Все самые жестокие слова, которые мог сказать грубый человек, он сказал ей в ее воображении, и она не прощала их ему, как будто он действительно сказал их.
«А разве не вчера только он клялся в любви, он, правдивый и честный человек? Разве я не отчаивалась напрасно уж много раз?» – вслед за тем говорила она себе.
Весь этот день, за исключением поездки к Вильсон, которая заняла у нее два часа, Анна провела в сомнениях о том, все ли кончено, или есть надежда примирения, и надо ли ей сейчас уехать, или еще раз увидать его. Она ждала его целый день и вечером, уходя в свою комнату, приказав передать ему, что у нее голова болит, загадала себе: «Если он придет, несмотря на слова горничной, то, значит, он еще любит. Если же нет, то, значит, все кончено, и тогда я решу, что мне делать!..»
Она вечером слышала остановившийся стук его коляски, его звонок, его шаги и разговор с девушкой: он поверил тому, что ему сказали, не хотел больше ничего узнавать и пошел к себе. Стало быть, все было кончено.
И смерть, как единственное средство восстановить в его сердце любовь к ней, наказать его и одержать победу в той борьбе, которую поселившийся в ее сердце злой дух вел с ним, ясно и живо представилась ей.
Теперь было все равно: ехать или не ехать в Воздвиженское, получить или не получить от мужа развод – все было ненужно. Нужно было одно – наказать его.
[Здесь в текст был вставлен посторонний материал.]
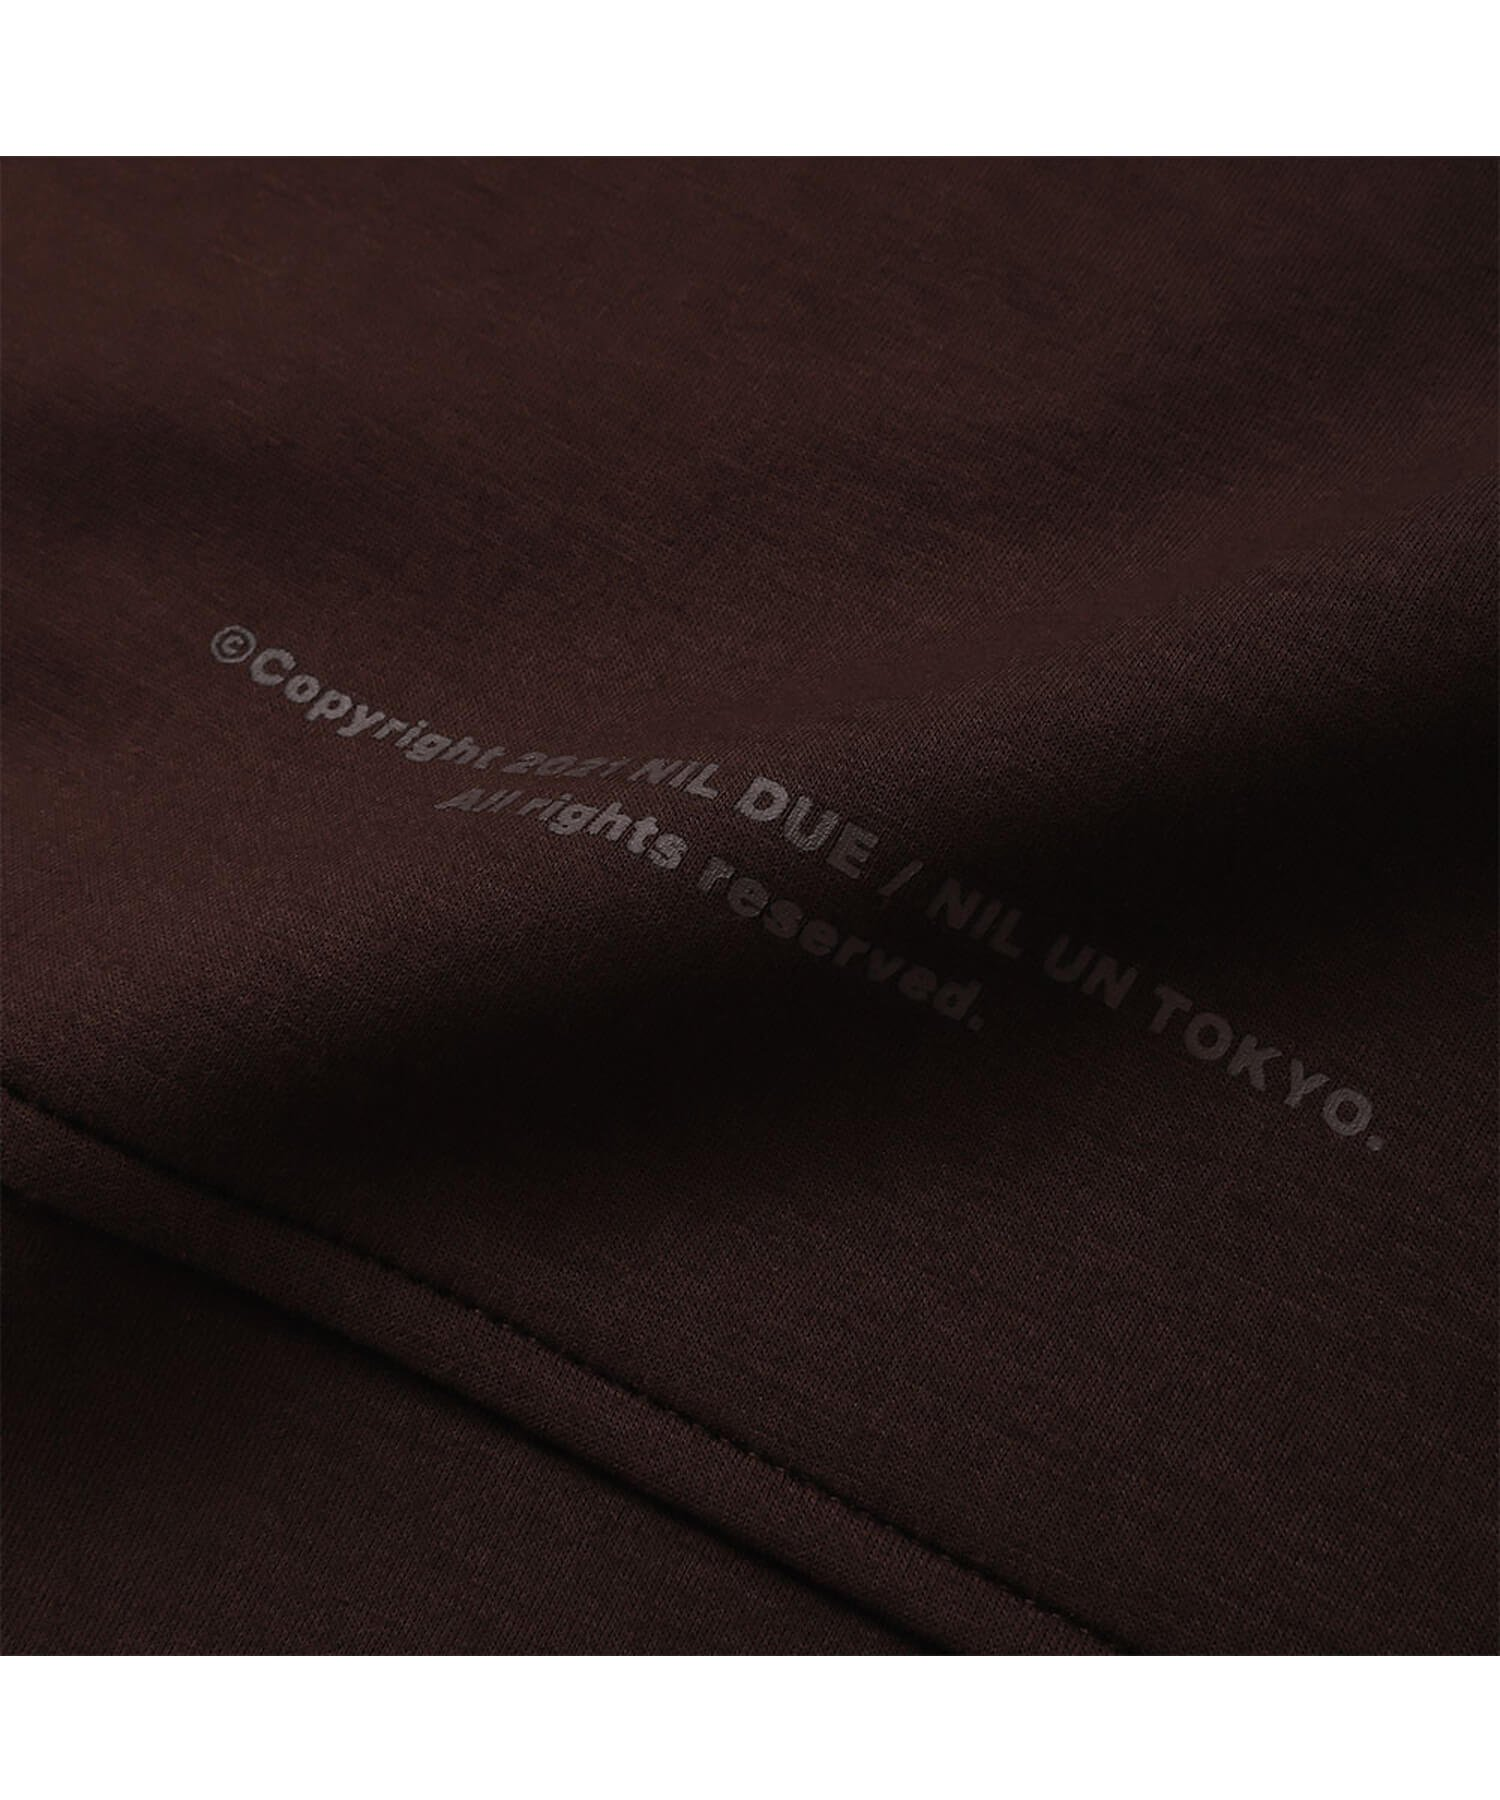 NIL DUE / NIL UN TOKYO / ニル デュエ / ニル アン トーキョー | EMBROIDERY LOGO HOODIE (CHOCOLATE BROWN) 商品画像3
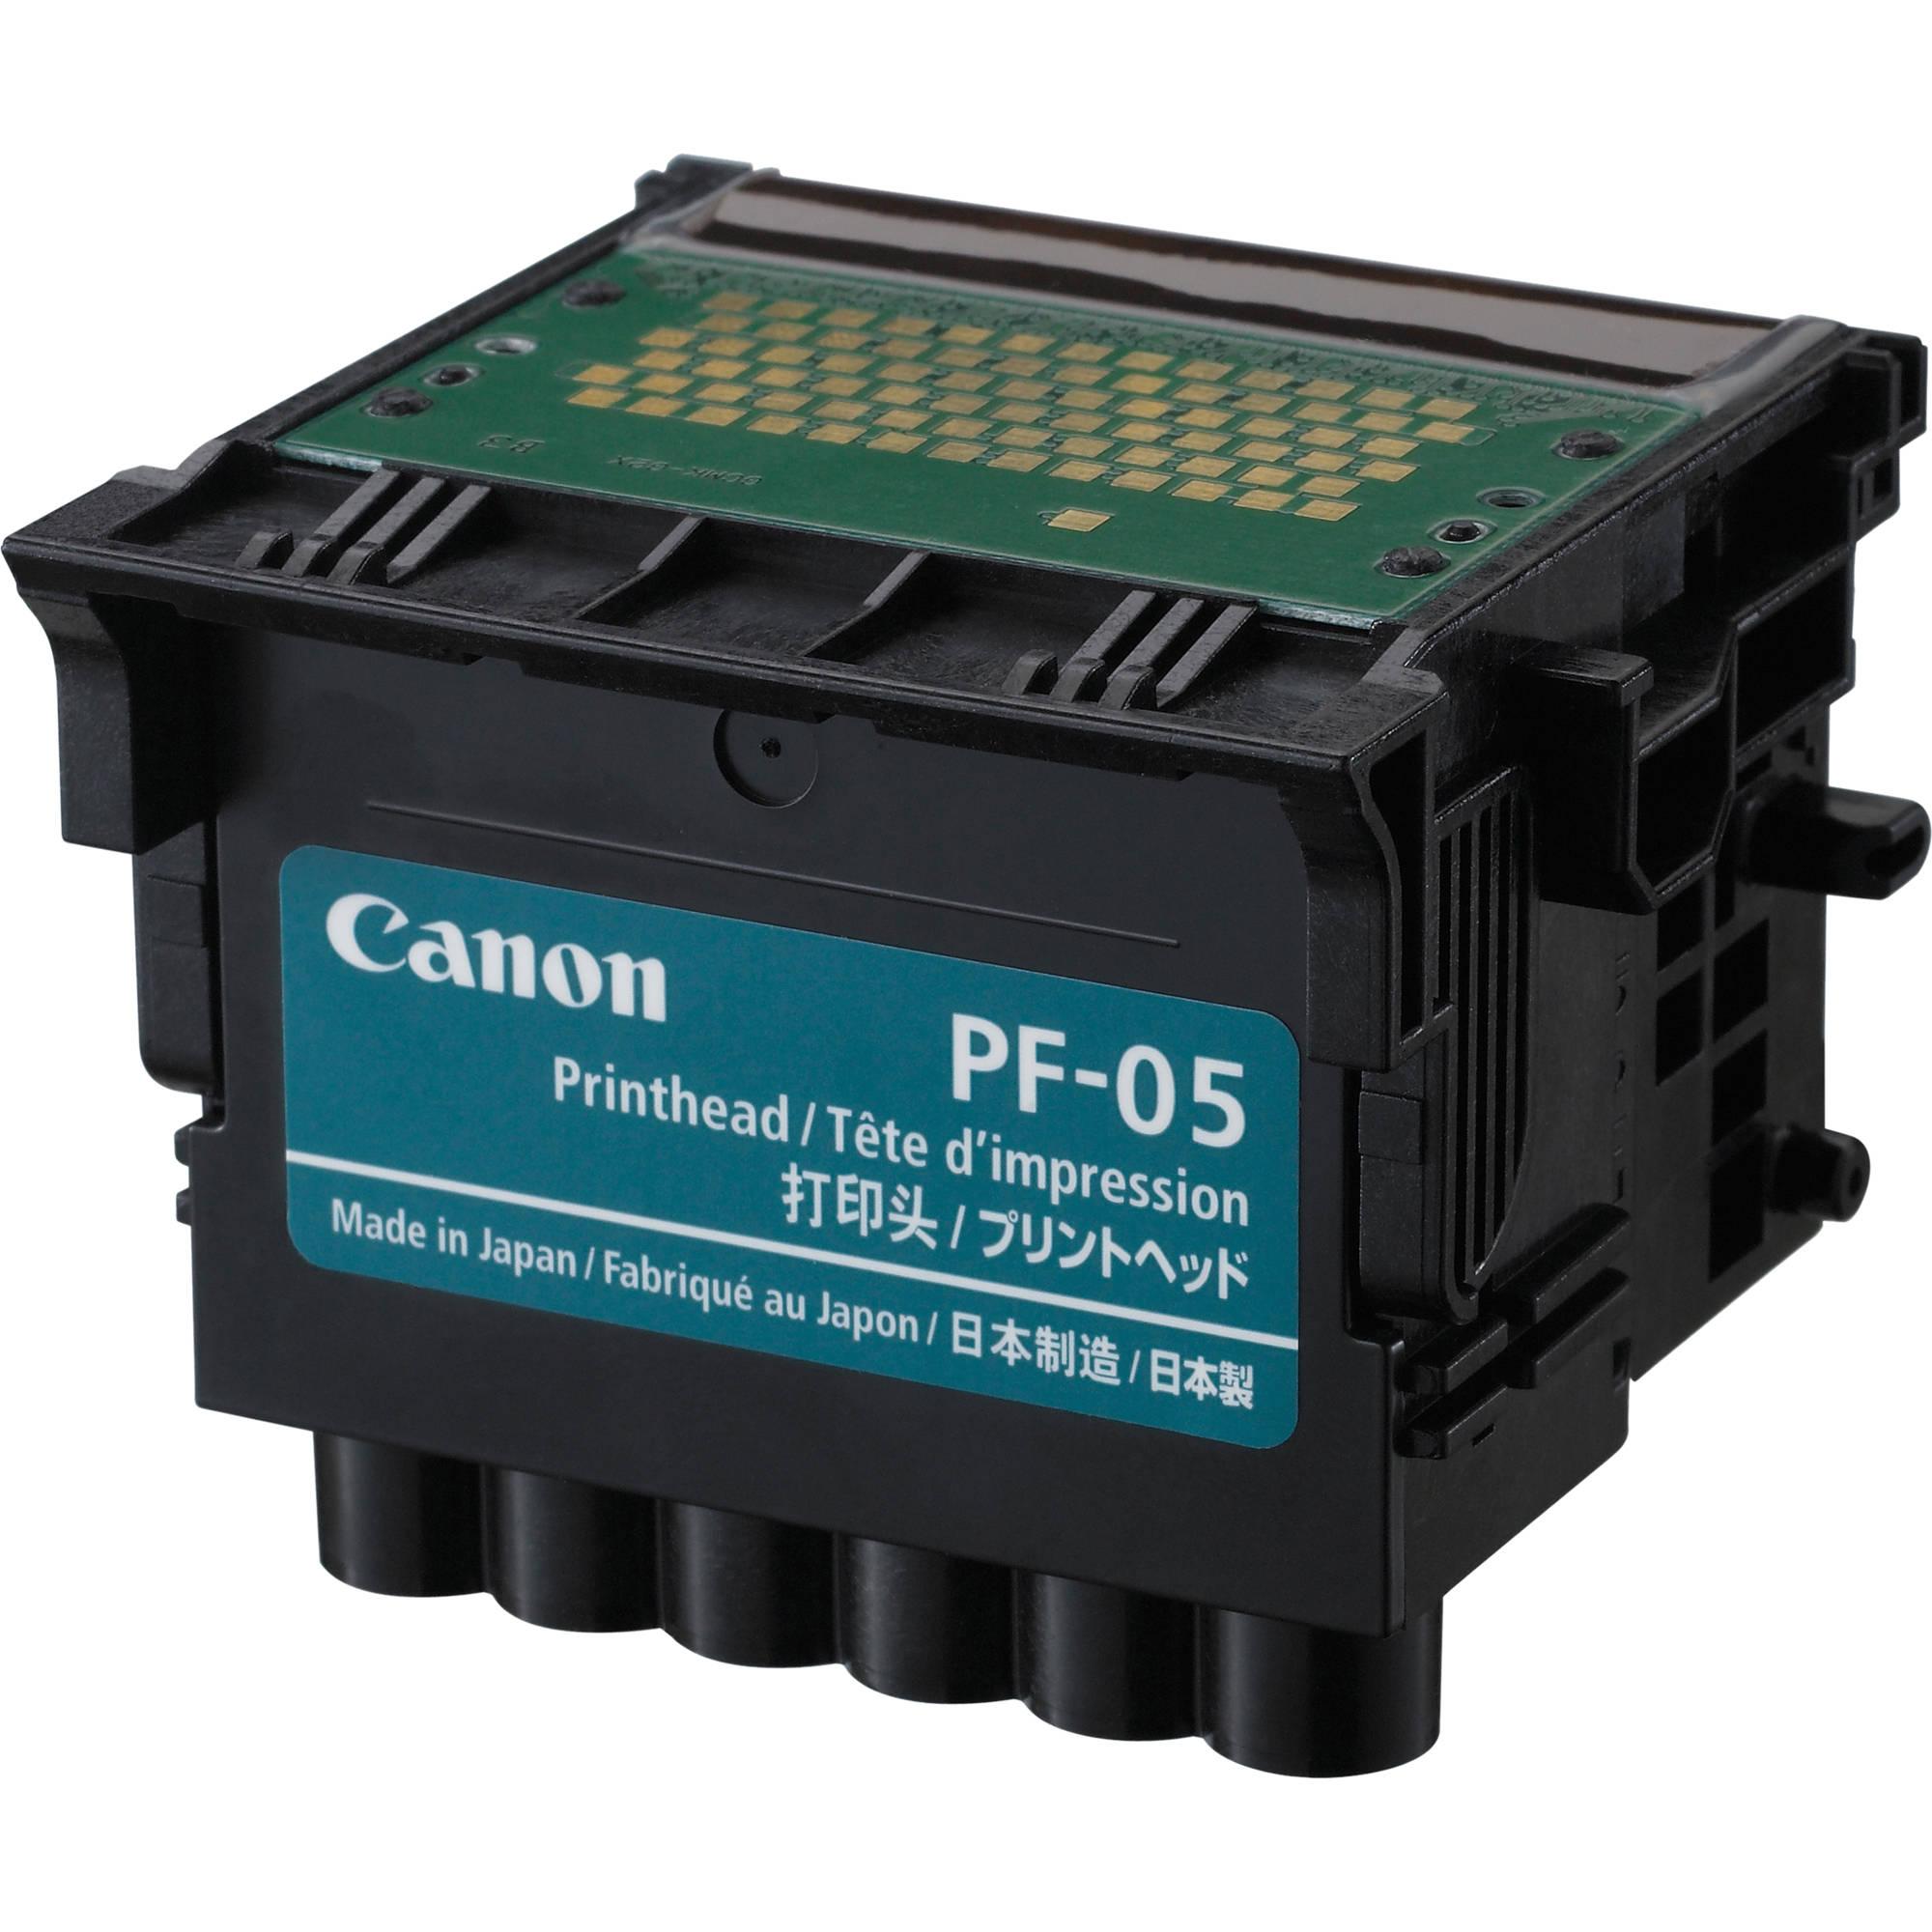 Canon PF05 print heads

Когда она налила себе обычный прием опиума и подумала о том, что стоило только выпить всю склянку, чтобы умереть, ей показалось это так легко и просто, что она опять с наслаждением стала думать о том, как он будет мучаться, раскаиваться и любить ее память, когда уже будет поздно. Она лежала в постели с открытыми глазами, глядя при свете одной догоравшей свечи на лепной карниз потолка и на захватывающую часть его тень от ширмы, и живо представляла себе, что он будет чувствовать, когда ее уже не будет и она будет для него только одно воспоминание. «Как мог я сказать ей эти жестокие слова? – будет говорить он. – Как мог я выйти из комнаты, не сказав ей ничего? Но теперь ее уж нет. Она навсегда ушла от нас. Она там…» Вдруг тень ширмы заколебалась, захватила весь карниз, весь потолок, другие тени с другой стороны рванулись ей навстречу; на мгновение тени сбежали, но потом с новой быстротой надвинулись, поколебались, слились, и все стало темно. «Смерть!» – подумала она. И такой ужас нашел на нее, что она долго не могла понять, где она, и долго не могла дрожащими руками найти спички и зажечь другую свечу вместо той, которая догорела и потухла. «Нет, все – только жить! Ведь я люблю его. Ведь он любит меня! Это было и пройдет», – говорила она, чувствуя, что слезы радости возвращения к жизни текли по ее щекам. И, чтобы спастись от своего страха, она поспешно пошла в кабинет к нему.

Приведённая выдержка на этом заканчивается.